While farmers and ranchers have waited decades to hear those words, the July 9 edict is the easy part. The really “heavy lift” is making the words a reality, relates Diana Moss, president of the American Antitrust Institute, a Washington, D.C.-based non-profit that promotes competition.
For example, she explains in a telephone interview, “Technically it’s possible to break up the meatpacker cartel,” one of the order’s biggest targets, “through antitrust prosecution.” And, in fact, the Administration is trying to do just that in several “cases against Big Tech right now.”
However, since “the packer cartel is in the middle of the food supply chain”–it buys livestock and poultry from farmers and ranchers to process and sell to the public–any disruption like, say, an antitrust action, could have severe consequences on the nation’s food supply and distribution.
A better approach, Moss suggests, is through more coordinated public policy actions. First, yes, aggressive antitrust action in the courts. Second, tougher “regulatory oversight from the U.S. Department of Agriculture” (USDA), and third, “legislative help to level the playing field” like “reforming the Packers and Stockyards Act.”
And, she adds, everyone should be aware “that the bigger the problem, the bigger the fix”: Farmers, ranchers, their farm groups, Congress, the Department of Justice, and USDA need to go big on all three fronts if challenged on any one of them.
Some pros already are. A mid-July podcast hosted by Moss featured two, Patrick Robinette who owns Micro Summit Processors in Micro, NC, and Mike Callicrate, a rancher and owner of Ranch Foods Direct of St. Francis, KS. Both have had long, painful dealings with meatpackers.
“When I started feeding cattle in 1978,” Callicrate relates, “I had 20 nearby packers… and 65 to 70 percent of the consumer dollar came back to the cattle producer. Early last summer”–after decades of meatpacker consolidation–“that fell to 27 percent.” That collapse means a “massive extraction of wealth from the farmer and rancher.”

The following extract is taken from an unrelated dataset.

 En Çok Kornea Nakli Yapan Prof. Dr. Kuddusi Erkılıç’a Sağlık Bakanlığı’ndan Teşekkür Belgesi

It also had a huge impact on the local and regional economies. As four packers came to dominate the national meat scene, “We saw our regional food system simply disappear because almost all of our local business was gone.”

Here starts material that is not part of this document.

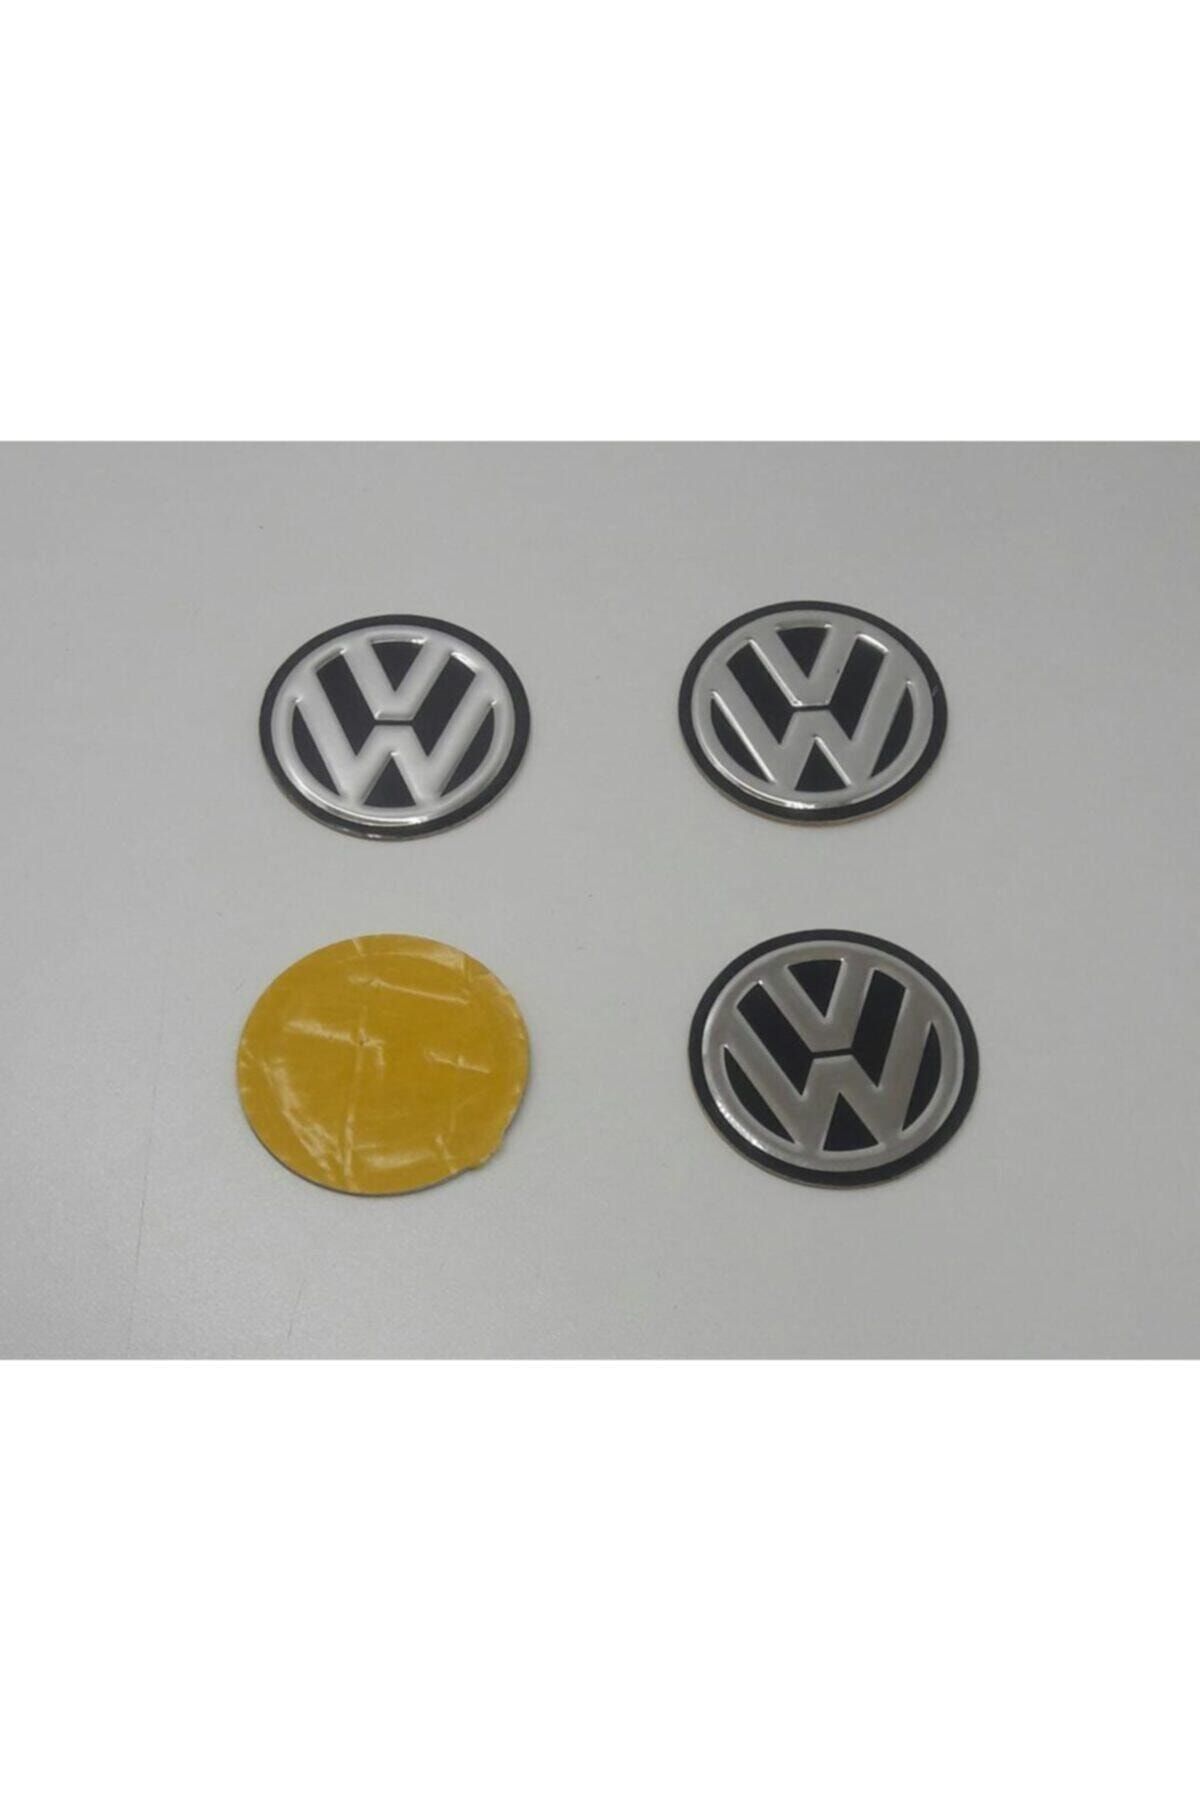 Volkswagen Jant Göbeği Etiketi 55 mm Çap

Robinette, 1,500 miles away in North Carolina, agrees; today’s heavily concentrated, deeply integrated food system “has no pathways… to accommodate small producers.”
And transnational meatpackers aren’t the only problem; an evermore monolithic USDA is a growing headache, also.
“Often USDA is confrontational,” says Robinette who deals with federal meat inspectors daily. “They’d be happier if they could turn us into the next Tyson” because they can deal with big; it’s what they are trained to do. Small, however, confounds them.
That’s especially true when it comes to country of origin labeling, or COOL, say the local producers. Hard as it is to believe, USDA still opposes COOL because, as Secretary of Agriculture Tom Vilsack claims, labeling U.S. meat violates several free trade agreements.
That stance, however, gives multinational packers license to source meat from dozens of nations, have it stamped “USDA Inspected,” and sell it to an unknowing American public as U.S.-grown meat while deeply undermining American ranchers and farmers like Callicrate and Robinette.
Vilsack is now talking about a label that reads “Product of the USA,” but Callicrate and Robinette are leery of Big Meat’s lobbying muscle.
Which goes back to Moss’s integrated public policy approach to make the Biden initiative bite: The courts, the regulators, Congress, and the farm and ranching public all have to do their share of lifting if there’s any chance for all to be lifted.